Nous précisons que la lettre « Q », quand elle apparaît au cours du récit des individus (que ce soit dans les entretiens ou les test projectifs) signifie que nous avons posé, à ce moment-là, une question ou fait une relance.

III.4.2. Les tests projectifs

L’intérêt des « méthodes projectives en recherche en psychologie clinique, en psychopathologie et en psychiatrie » a récemment été synthétisé par Chabert (In : Roussillon et al., 2007) et leur « apport […] à la clinique des auteurs d’agressions sexuelles » a spécifiquement été mis en évidence par Neau (2001) et Gourlaouen-Couton (2002).

III.4.2.1. TAT

Nous avons utilisé le TAT pour l’exploration plus spécifique de la triangulation oedipienne (complexe oedipien, différence des sexes et des générations, fantasmes incestueux...).

Nous avons choisi de faire passer le TAT avant le Rorschach afin de respecter une progression allant du plus au moins figuratif.

Nous n’avons présenté à nos sujets que les planches qui concernent les hommes (c’est-à-dire la 1, 2, 3BM, 4, 5, 6BM, 7BM, 8BM, 10, 11, 12BG, 13B, 13MF, 19, 16).

Pour nos analyses du TAT, nous nous sommes basés sur le Manuel d’utilisation du TAT (Shentoub, 1990) mais, en accord avec notre directeur de thèse, nous n’avons pas coté précisément les procédés du discours puisque nos hypothèses ne portent pas sur cet aspect, la structure de personnalité de tous les individus de notre échantillon ayant le même noyau.

III.4.2.2. Test de Rorschach

Le test de Rorschach a permis d’analyser les imagos parentales, les identifications primaires et secondaires, la relation d’objet, les angoisses, les mécanismes de défense…

La passation analytique ainsi que la partie qui concerne le choix des planches paternelle, maternelle, préférées, les moins aimées, nous a aussi paru importante à prendre en compte, en particulier pour l’appréhension des images parentales.

Le texte intégral des entretiens et des tests projectifs de chaque sujet se trouve dans les annexes.

III.4.3. L’analyse de la relation transféro-contre-transférentielle

Une originalité de notre recherche se trouve dans le fait d’avoir construit une grille d’analyse de la relation transféro-contre-transférentielle et de l’avoir utilisée comme un outil d’évaluation et de diagnostic (avec l’idée de parvenir à dégager, éventuellement, des spécificités pour l’un et l’autre groupe d’individus).
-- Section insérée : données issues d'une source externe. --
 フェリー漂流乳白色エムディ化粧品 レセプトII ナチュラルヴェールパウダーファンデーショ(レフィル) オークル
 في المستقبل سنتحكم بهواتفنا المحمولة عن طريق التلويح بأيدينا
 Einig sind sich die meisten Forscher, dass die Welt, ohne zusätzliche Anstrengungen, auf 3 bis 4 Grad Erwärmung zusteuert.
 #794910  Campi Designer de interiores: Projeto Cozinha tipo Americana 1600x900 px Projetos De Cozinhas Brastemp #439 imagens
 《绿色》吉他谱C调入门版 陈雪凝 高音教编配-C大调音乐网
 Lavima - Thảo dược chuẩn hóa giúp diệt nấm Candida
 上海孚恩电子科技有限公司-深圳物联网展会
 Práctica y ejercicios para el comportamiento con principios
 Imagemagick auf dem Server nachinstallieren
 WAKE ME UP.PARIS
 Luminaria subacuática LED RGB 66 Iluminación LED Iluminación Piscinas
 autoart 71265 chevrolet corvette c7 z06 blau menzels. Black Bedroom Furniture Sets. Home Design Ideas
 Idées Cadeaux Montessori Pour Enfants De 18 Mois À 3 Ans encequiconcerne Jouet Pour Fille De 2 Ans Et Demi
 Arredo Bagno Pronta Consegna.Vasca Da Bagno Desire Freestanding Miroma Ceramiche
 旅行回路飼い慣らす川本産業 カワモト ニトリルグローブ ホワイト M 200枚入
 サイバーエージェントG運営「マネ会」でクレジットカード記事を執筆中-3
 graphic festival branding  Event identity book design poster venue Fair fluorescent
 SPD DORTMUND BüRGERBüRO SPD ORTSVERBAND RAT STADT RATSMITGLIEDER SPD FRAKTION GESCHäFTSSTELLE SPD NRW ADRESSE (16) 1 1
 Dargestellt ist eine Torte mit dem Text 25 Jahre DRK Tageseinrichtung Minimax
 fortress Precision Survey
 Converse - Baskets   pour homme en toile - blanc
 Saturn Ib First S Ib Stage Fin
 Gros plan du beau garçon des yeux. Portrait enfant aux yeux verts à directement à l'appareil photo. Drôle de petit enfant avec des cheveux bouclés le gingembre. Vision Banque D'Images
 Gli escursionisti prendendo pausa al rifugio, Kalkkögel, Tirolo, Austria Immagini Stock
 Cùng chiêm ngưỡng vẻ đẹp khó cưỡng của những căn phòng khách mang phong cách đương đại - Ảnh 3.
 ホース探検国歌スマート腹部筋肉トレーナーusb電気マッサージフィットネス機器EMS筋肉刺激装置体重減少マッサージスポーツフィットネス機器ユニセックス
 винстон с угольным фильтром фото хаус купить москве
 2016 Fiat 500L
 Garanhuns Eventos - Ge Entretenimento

Rappelons que pour Laplanche et Pontalis (1981), le transfert «désigne, en psychanalyse, le processus par lequel les désirs inconscients s'actualisent sur certains objets dans le cadre d'un certain type de relation établie avec eux et éminemment dans le cadre de la relation analytique» et que le contre-transfert correspond à « l'ensemble des réactions inconscientes de l'analyste à la personne de l'analysé et plus particulièrement au transfert de celui-ci. ».

Nous avons estimé que l’analyse du transfert-contre-transfert pouvait être recevable dans cette recherche puisque qu’elle s’est déroulée sur plusieurs semaines, voire plusieurs mois pour certains sujets, et que, par conséquent, le transfert et le contre-transfert ont pu, a minima, se mettre en place.

Nous nous sommes spécifiquement centrés ici, et de façon exhaustive, sur un aspect du transfert qui est l’emprise, en tant qu’il s’agit d’un élément essentiel de la relation avec les auteurs d’agressions sexuelles (comme nous l’avons mis en évidence, en particulier, dans les paragraphes II.1.2.1. et II.2.2.6.2.2), qu’il est donc intéressant d’essayer de formaliser (le contre-transfert étant, en conséquence, souvent très négatif avec cette population).

Nous avons choisi de détailler la construction de notre grille d’analyse dans la partie consacrée à l’opérationnalisation des hypothèses.